Structured products combine a zero-coupon bond and an option with a payoff that is linked to an index, benchmark, basket of benchmarks or an underlying asset. The notes can provide upside potential and reasonable returns when they pay off based on the linked index’s performance. Securities fraud attorneys say that this method of payoff can be very attractive given today’s market, but structured products can be extremely complex. A Financial Industry Regulatory Authority (FINRA) and Securities and Exchange Commission alert warned investors that these products often come with low guarantees, confusing terms and, in some cases, can keep money tied up in the investment for up to a decade.
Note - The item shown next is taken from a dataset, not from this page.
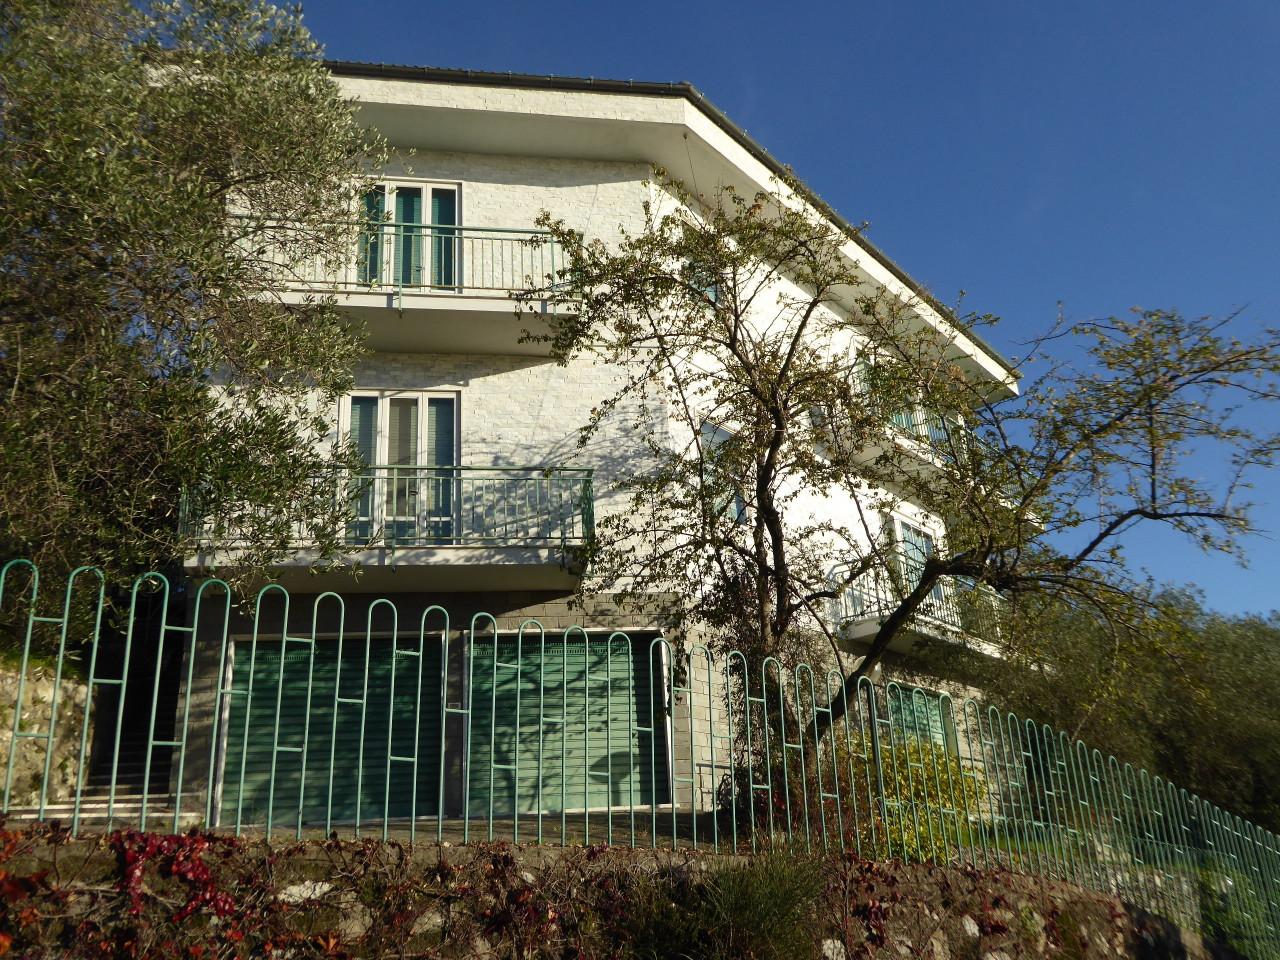 Soluzione Indipendente in vendita a Chiavari, 13 locali, prezzo € 700.000 | CambioCasa.it

In many cases, brokers and advisers may recommend structured products to investors for which the product is unsuitable. FINRA rules have established that brokers and firms have an obligation to fully disclose all the risks of a given investment when making recommendations, and those recommendations must be suitable for the individual investor receiving the recommendation given their age, investment objectives and risk tolerance.
If you believe you were unsuitably recommended structured products by your broker or adviser, you may be able to recover your losses through securities arbitration. To find out more about your legal rights and options, contact an investment fraud lawyer at The Law Office of Christopher J. Gray at (866) 966-9598 for a no-cost, confidential consultation.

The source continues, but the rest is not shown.